Add one final section:
• Discuss (briefly): If you add a blog post to an instance in your scaled architecture, this post may not always appear if you have two or more instances running. Why is this?
• Explain (at a high level): Based on services and frameworks covered in the LSDE course, describe step by step how you could fix the above issue using a relevant scalable, highly available, managed service of your choice.
[Do not implement this idea, just explain the basic workflow of configuring this for your WordPress architecture].
And add your lab credentials at the last page.
The report should be in the form. of PDF. It does not need to follow any academic format, but you should use grammar and spelling checkers on it and make good use of paragraphs and sub-headings.
Double-spacing is not required. Use diagrams where they make sense and include captions & references from the text.
[IMPORTANT: All text not originally created by you must be cited, leading to a final numbered reference section (based on e.g. the British Standard Numeric System) to avoid accusations of plagiarism.]
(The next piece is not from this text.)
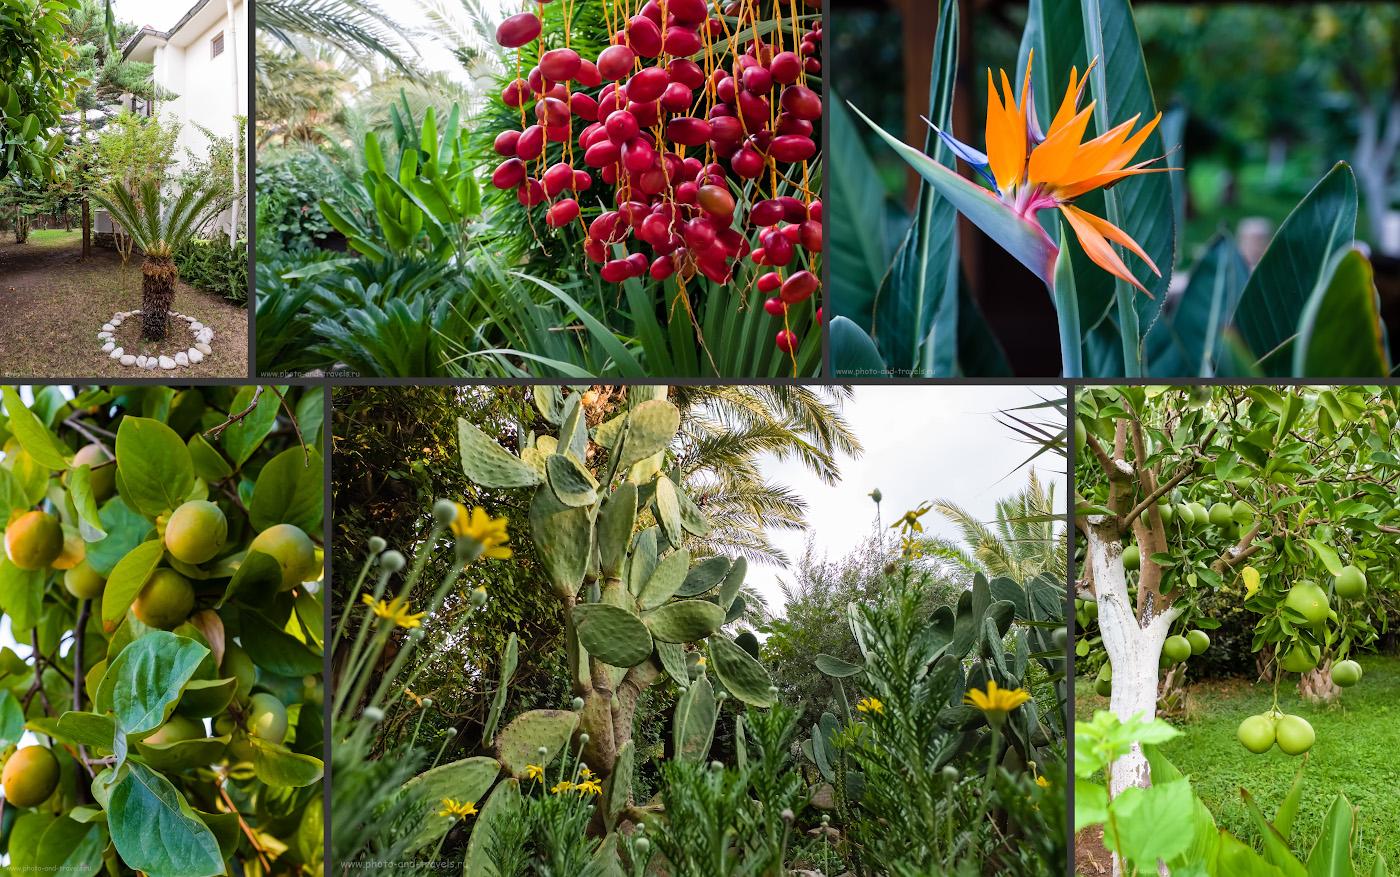 Фото 7. Такая растительность окружала наш домик в отеле Чиралы (слева вверху). В середине вверху – финики. Слева внизу – хурма. Справа внизу – то ли помело, толи грейпфрут.

[IMPORTANT: Disable autoscaling at end of each lab session: – Desired capacity = 0 ; Minimum capacity = 0. This saves credit and avoids multiple instances from launching and terminating when starting / stopping a lab session]
AWS Academy Learner Lab
You are given an AWS Academy Learner Lab account for this coursework. Each account has $100 assigned to it, which is updated every 24 hours and displayed on the Academy Lab page.
To access the lab from AWS Academy, select Courses > AWSAcademy Learner Lab > Modules >
Learner Lab - Foundation Services. On this page click ‘Start Lab’ to start a new lab session, then the ‘AWS’ link to open the AWS Console once the button beside the link is green.
Please note:
• Ensure you shut down (stop or terminate) EC2 instances when you are not using them.
These will use the most credit in your account in this exercise. Note that the Learner Lab will stop running instances when a session ends, then restart them when a new session begins.
• AWS Learner Lab accounts have only a limited subset of AWS services / features available to them, see the Readme file on the Lab page (Service usage and other restrictions) or thisAWS Academy Page.
• If you haveinstalled the AWS CLIon your PC and wish to access your Learner Lab account, you will need the credentials (access key ID & secret access key) shown by pressing the AWS Details button on the Lab page. Note that these only remain valid for the current session.
• If you have any issues with AWS Academy or the Learner Lab, please book an Office Hours session to seek help FIRST, email the instructors if there is no other option.
Support
The normal options for support are available for you.
• Office Hours: will vary over the Summer – please check with the instructor
Marking
Below are the marking bands with maximum possible mark range achievable given approximate scope of work.
+80% Outstanding report and implementation. Extensive exploration, analysis and implementation demonstrating deep understanding and reading outside of the CF course and lectures.
70 - 80% Excellent report. Well architected, fully functional auto-scaling, great optimisation techniques, very good understanding of cloud principles gained in the CF course.
60 - 70% Report of correct length, fully functional auto-scaling, good optimisation techniques, good understanding of cloud principles gained in the CF course.
50 - 60% Report of correct length, basic but functional auto-scaling, some good ideas about optimisation techniques, correct understanding of main cloud principles in the CF course.
<50% (Fail) Report is not at an appropriate standard, auto-scaling not implemented. Objectives of the assignment have not been demonstrated.